> _Input data_
* * * * *

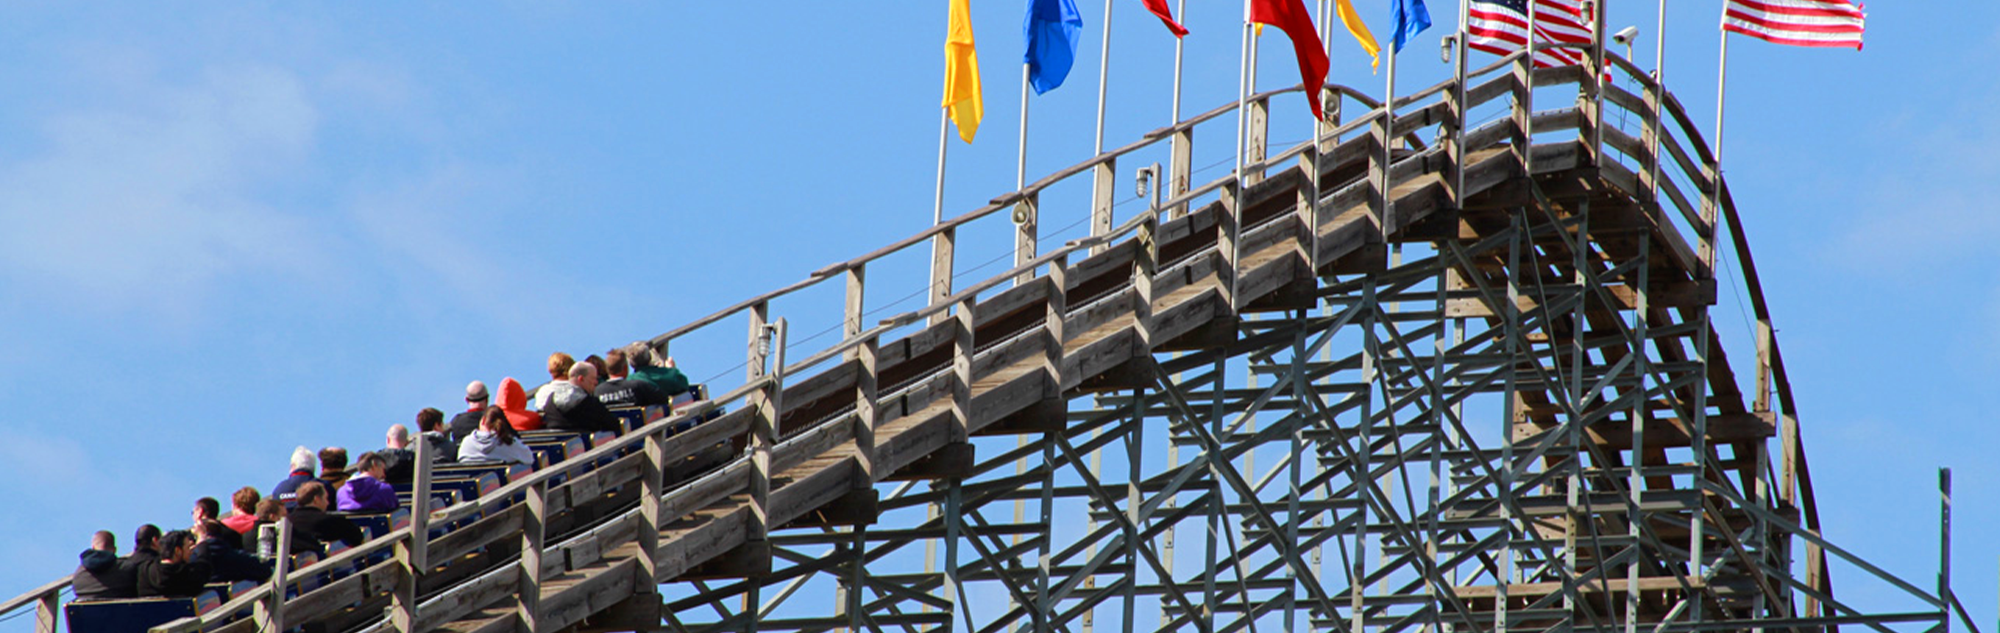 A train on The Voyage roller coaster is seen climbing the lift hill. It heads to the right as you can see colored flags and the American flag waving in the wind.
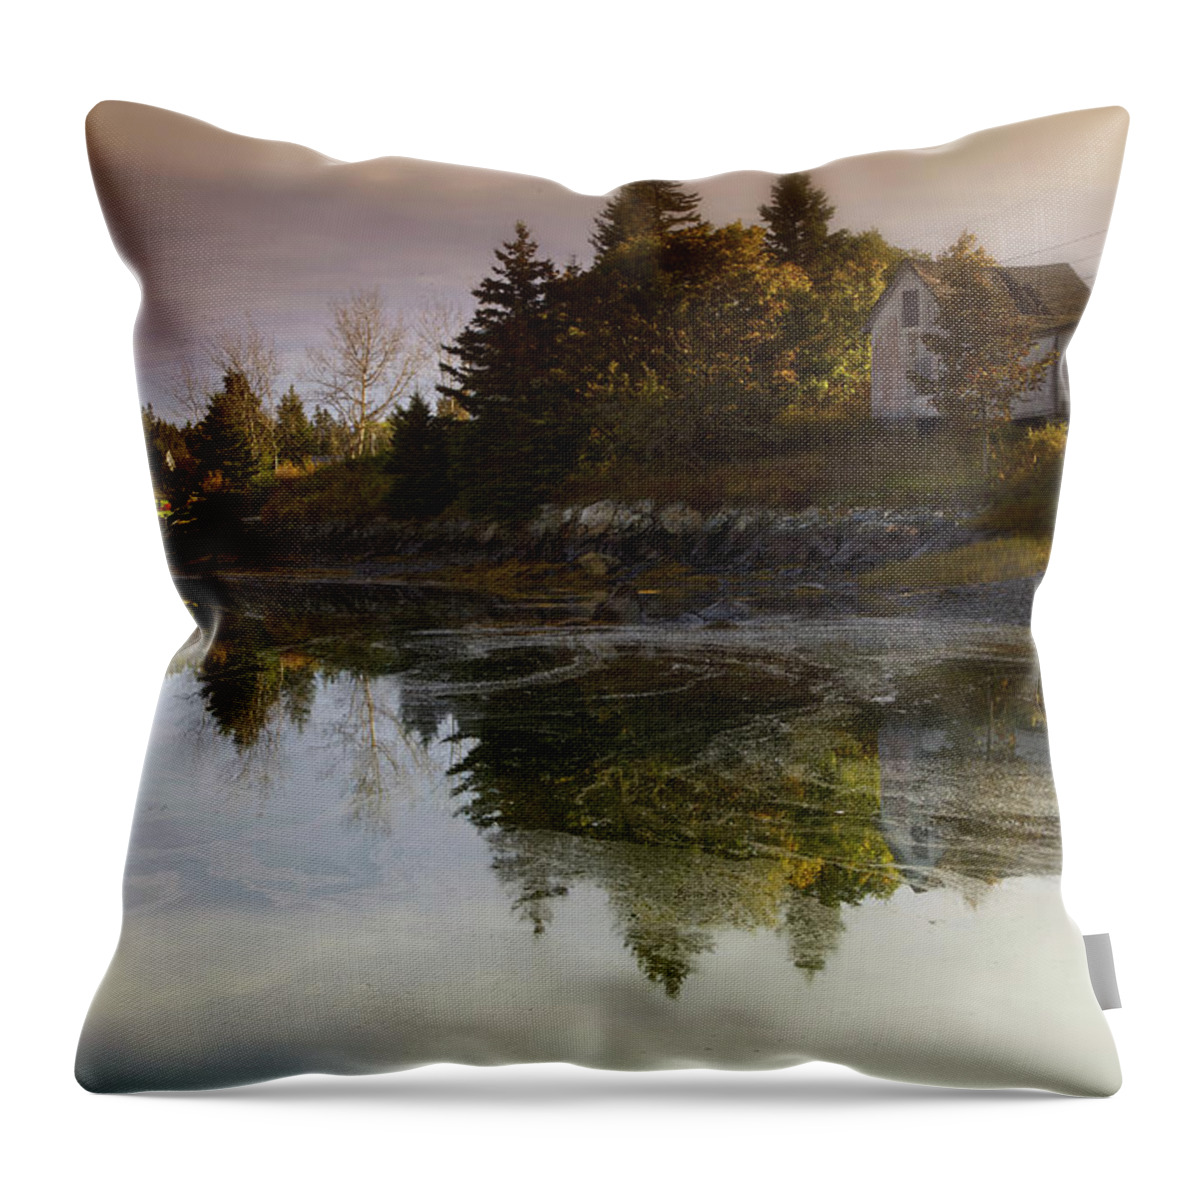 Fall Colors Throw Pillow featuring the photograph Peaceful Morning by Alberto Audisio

* * * * *

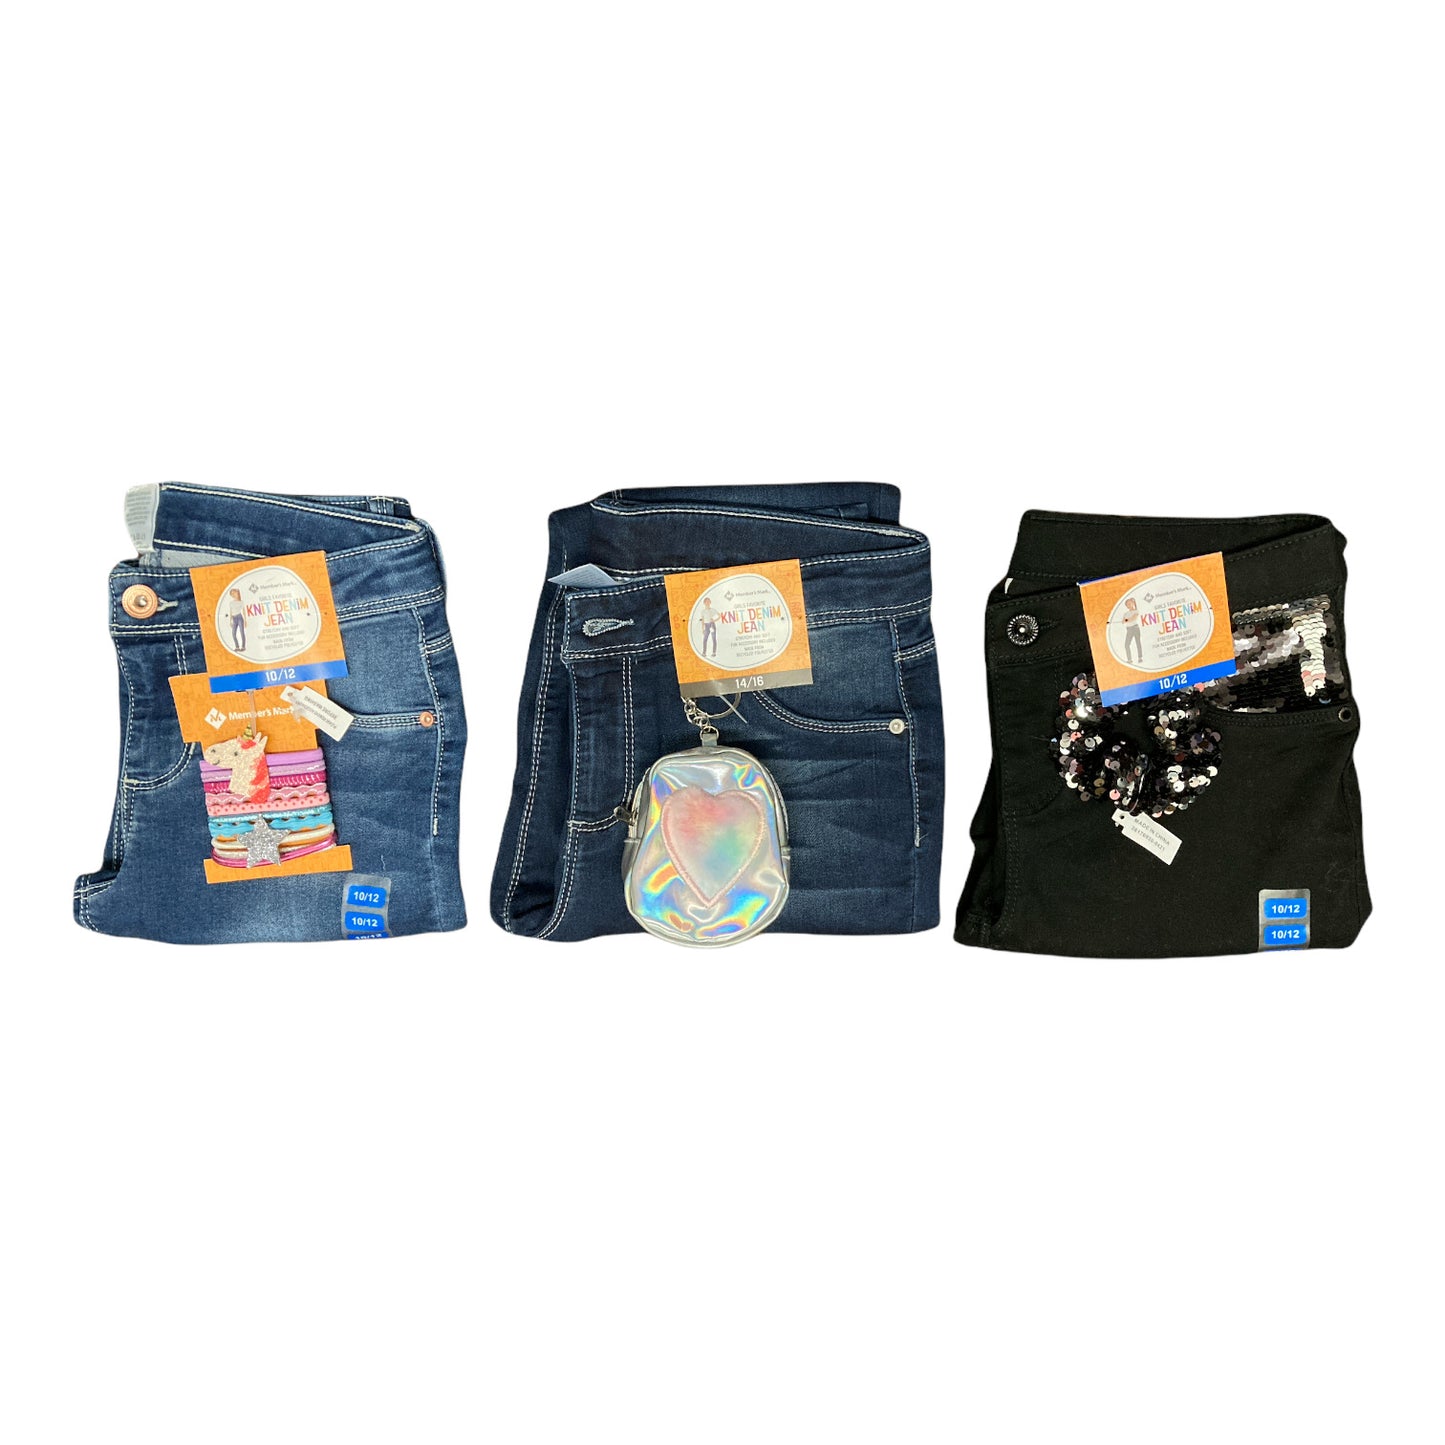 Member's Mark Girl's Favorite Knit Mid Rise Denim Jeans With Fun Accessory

* * * * *

> _Task objective_
In the listing above, find the line with "A train on The" and the line with "Fall Colors Throw". Copy exactly those two and every line between, without the pictures.

> _Output below_
 A train on The Voyage roller coaster is seen climbing the lift hill. It heads to the right as you can see colored flags and the American flag waving in the wind.
 Fall Colors Throw Pillow featuring the photograph Peaceful Morning by Alberto Audisio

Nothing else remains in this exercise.